**Your assignment:** Transcription, pictures excluded: write out the data below exactly.

**Supplied data:**
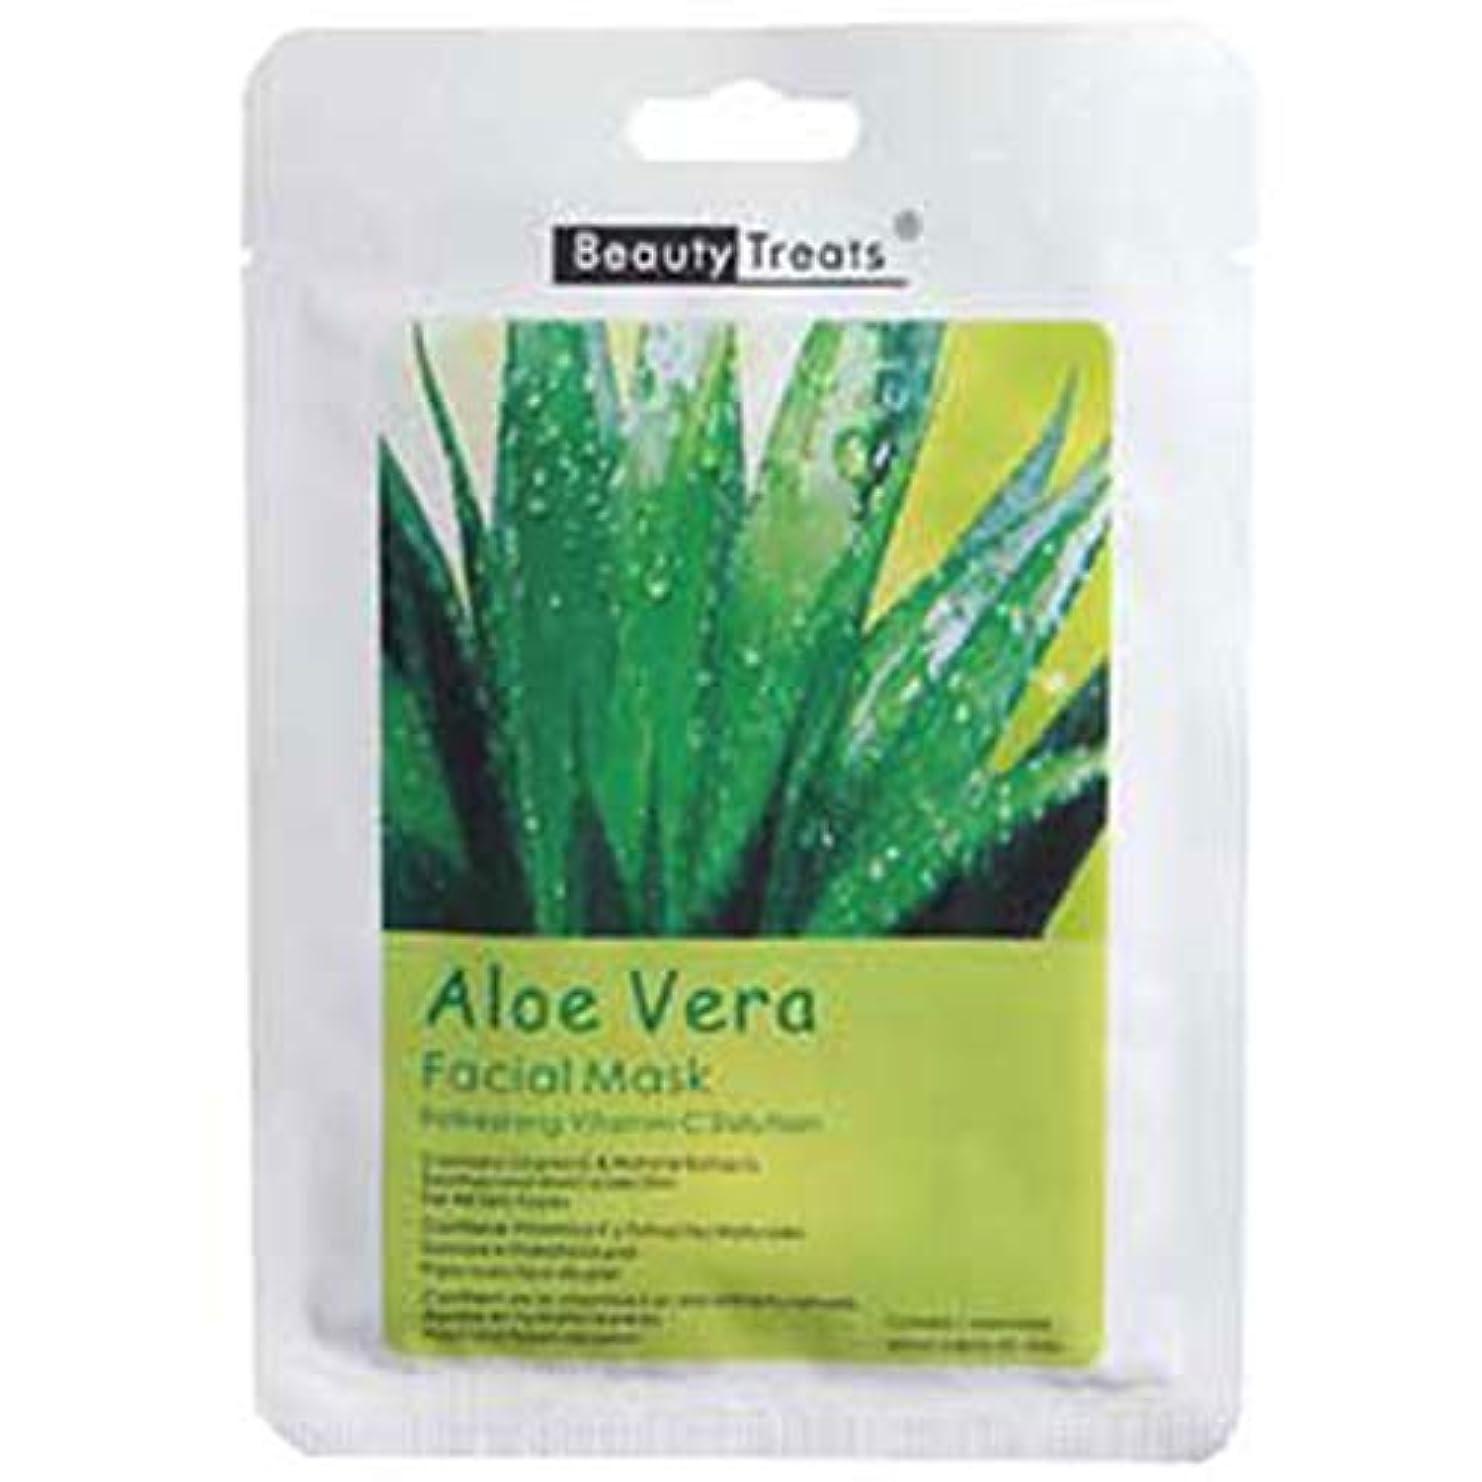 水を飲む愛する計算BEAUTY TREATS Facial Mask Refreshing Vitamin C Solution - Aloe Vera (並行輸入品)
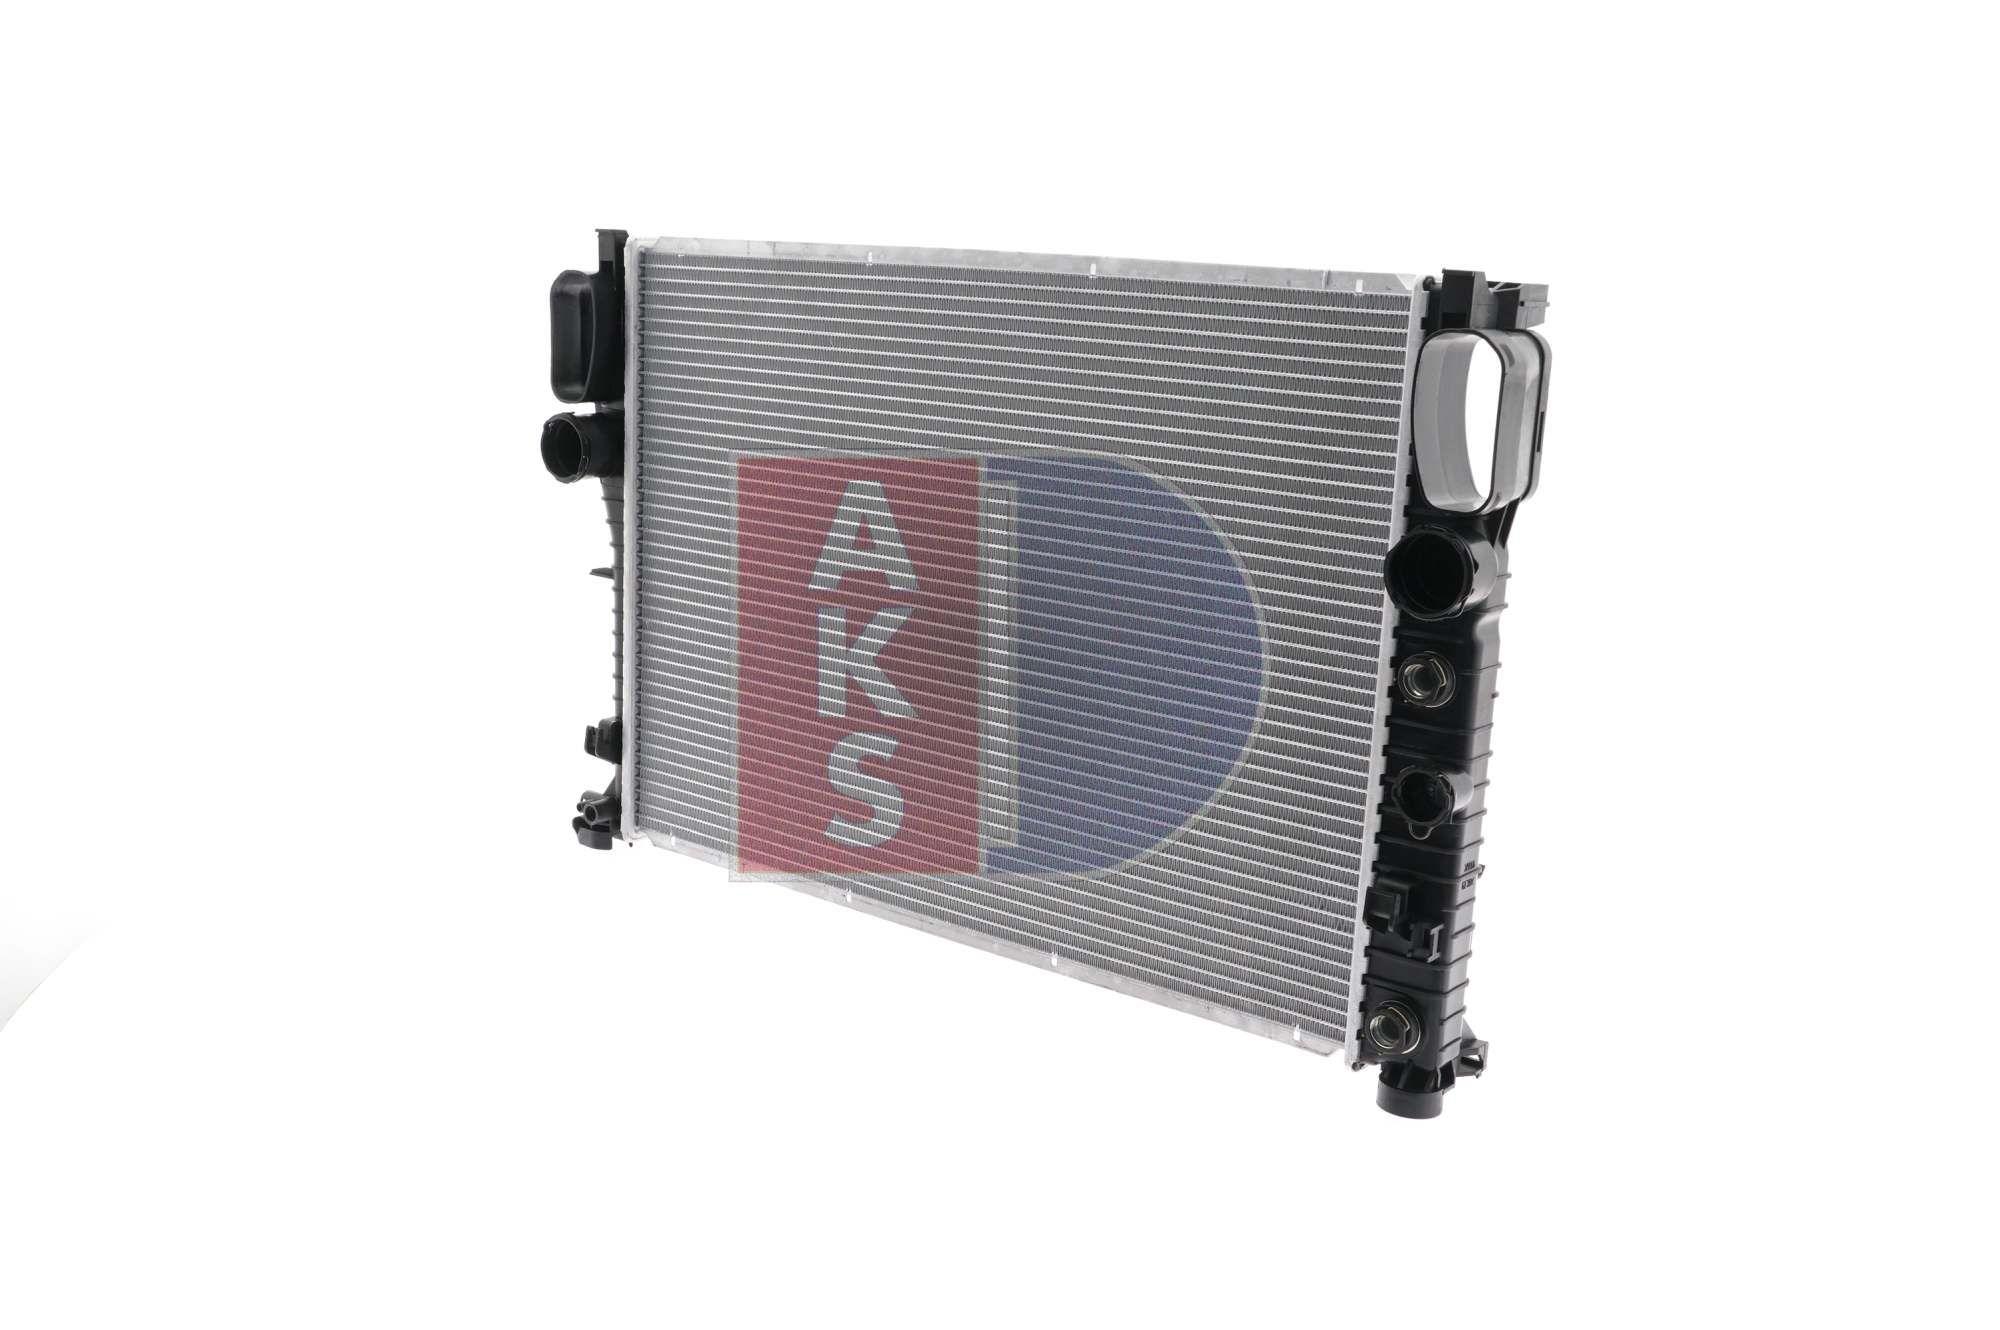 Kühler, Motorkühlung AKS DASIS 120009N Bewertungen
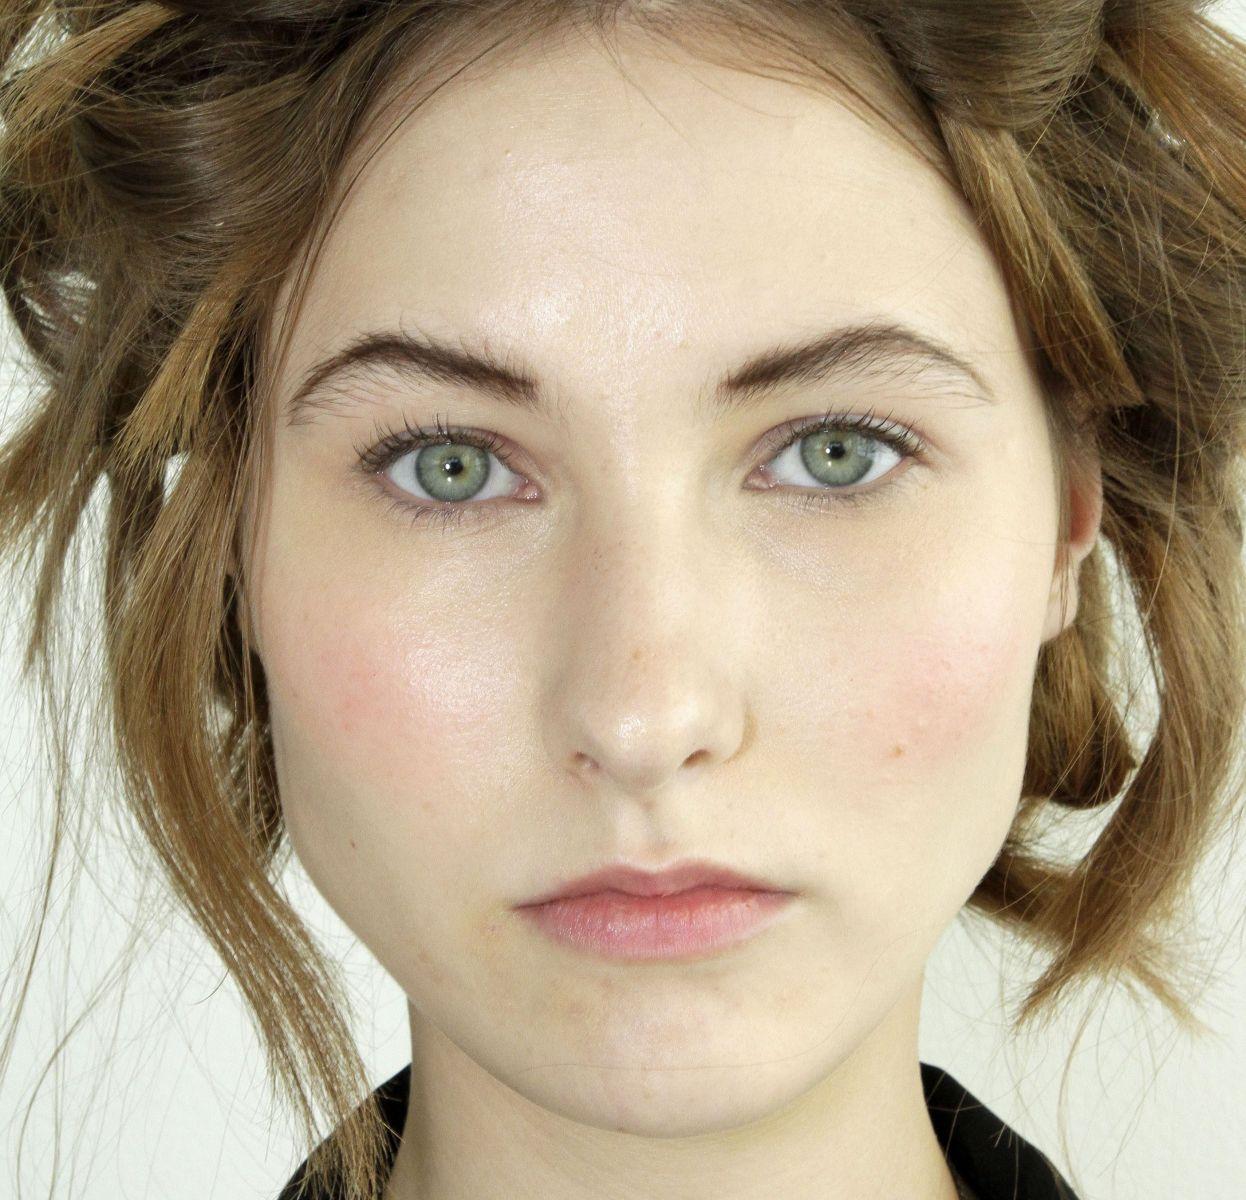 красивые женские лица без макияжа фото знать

**Response to the task:**
 水を飲む愛する計算BEAUTY TREATS Facial Mask Refreshing Vitamin C Solution - Aloe Vera (並行輸入品)
 Kühler, Motorkühlung AKS DASIS 120009N Bewertungen
 красивые женские лица без макияжа фото знать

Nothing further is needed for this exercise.